Die alte „Tante BBC“ muss sich in diesen Tagen allerhand gefallen lassen. Für die einen steht das Logo des weltberühmten Rundfunk-und Fernsehsenders für „Bagdad Broadcasting Corporation“, für die anderen ist es die „Bush Broadcasting Corporation“. Der pausenlose TV-Krieg hat die bewährten Prinzipien von Akkuratesse, Objektivität und Glaubwürdigkeit auf eine harte Probe gestellt, räumen die Chefs des führenden britischen Senders ein. „Die Schwierigkeit mit einem 24-Stunden-Nachrichtenkanal ist, dass wir während der Sendung herausfinden müssen, was stimmt und was nicht“, gab Nachrichtendirektor Richard Sambrook im „Independent“ erstaunlich offen zu.

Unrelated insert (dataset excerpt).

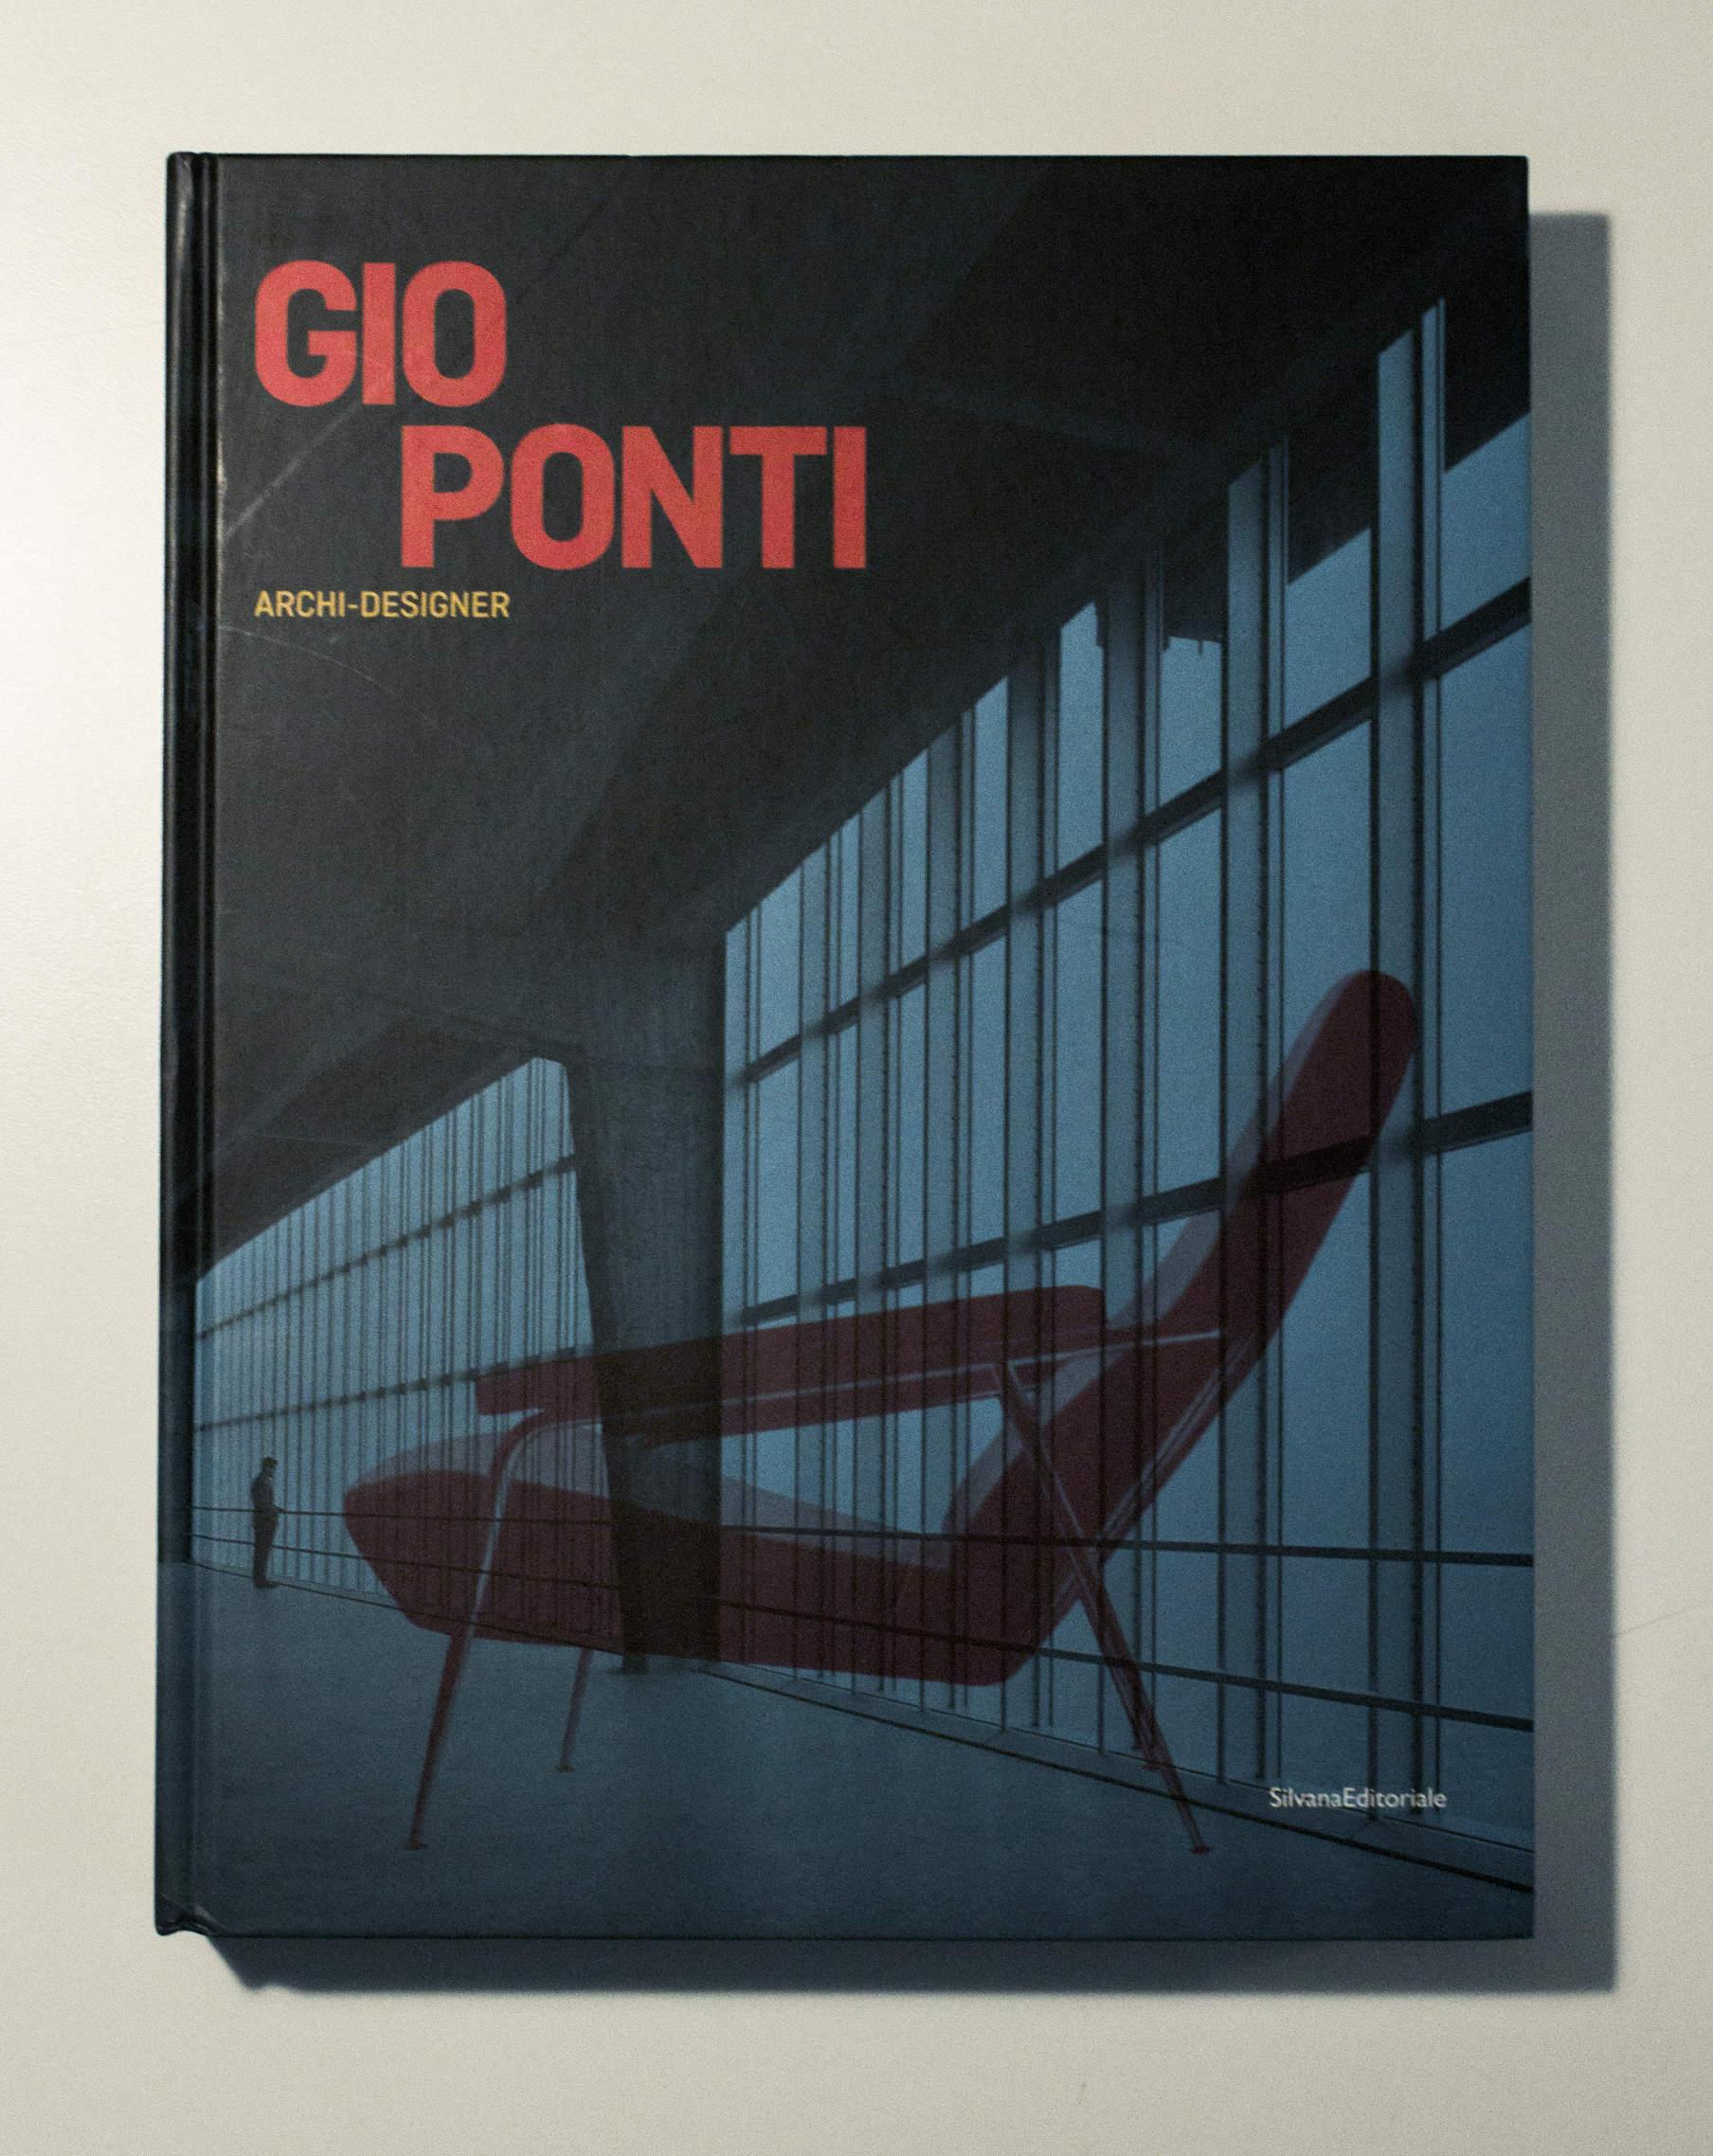 Catalogo Gio Ponti archi-designer

Übereifrige Reporter mit Gasmasken

Im erstmaligen direkten News-Wettkampf mit CNN und dem britischen Murdoch-Sender Sky News macht BBC News 24 nach Ansicht von Medienbeobachtern durchaus einen Lernprozess durch. Schon jetzt ist zu merken, dass Beiträge von übereifrigen Korrespondenten, die mit Gasmaske ihren Aufsager sprechen oder den Zuschauer während einer halsbrecherischen Militärexpedition informieren, seit den ersten Kriegstagen eher in die zweite Reihe gerückt sind. Immer häufiger werden Frontberichte durch Analysen bewährter Korrespondenten vor Ort oder im Studio ergänzt. „Wir werden so scharf unter die Lupe genommen“ wie noch nie, bemerkt Sambrook.

Vorwurf der Einseitigkeit

Um Unparteilichkeit zu demonstrieren, hat er in seinem Büro eine Teetasse mit einem Abbild von George W. Bush neben eine Tischuhr mit dem Porträt von Saddam Hussein gestellt. Viel Kritik hat die BBC dafür einstecken müssen, dass sie in den ersten Kriegstagen allzu häufig voreilige Berichte über angebliche „Volksaufstände“ im Irak, über vermeintliche Fronterfolge oder Gegenoffensiven stillschweigend zurückziehen musste. So waren im Fall des angeblichen Vorrückens einer irakischen Panzerkolonne bei Basra die Radarbilder vom Militär „falsch interpretiert“ worden. Zuschauer kritisierten, sie fühlten sich durch die ständig aktualisierten Nachrichten-Schnipsel eher verwirrt als informiert. „Der Krieg wird trivialisiert“, stand in einem Leserbrief an den „Guardian“.

„Wir können immer nur Momentaufnahmen liefern. Die Frage ist, wiewir sie zusammenstellen“, sagt Sambrook zur Verteidigung der „Rolling News“. Aber er weiß schon jetzt: „Die Kriegsberichterstattung hat sich für immer verändert. Wir können diesen Geist nicht wieder in die Flasche verbannen.“ Allerdings werde es lange dauern, „bis wir alle Auswirkungen dieser neuen Art der Berichterstattung wirklich verstanden haben“, fügte Sambrook im „Independent“ hinzu. Dazu gehöre im Kriegsfall die „Nähe“ der Journalisten zum Militär ebenso wie die Tatsache, dass die Menschen am Bildschirm „ihre eigenen Söhne kämpfen sehen können“. Dass es in dieser gefühlsbeladenen Situation schwer ist, es allen recht zu machen, hat die BBC schmerzlich erfahren.

Ungeprüfte Übernahme der Kriegsterminologie

Während die liberale Presse dem Sender die ungeprüfte Übernahme von „Kriegsterminologie“ vorwarf, kritisierte die Labour-Regierung die angebliche Vernachlässigung des „Gesamtzusammenhangs“. „Aus den Fernsehberichten ist schwer zu entnehmen, dass wir gewinnen“, beklagte sich Verteidigungsminister Geoff Hoon. Labour-Gesch„ftsführer John Reid beschimpfte die BBC offen als „Freund von Bagdad“.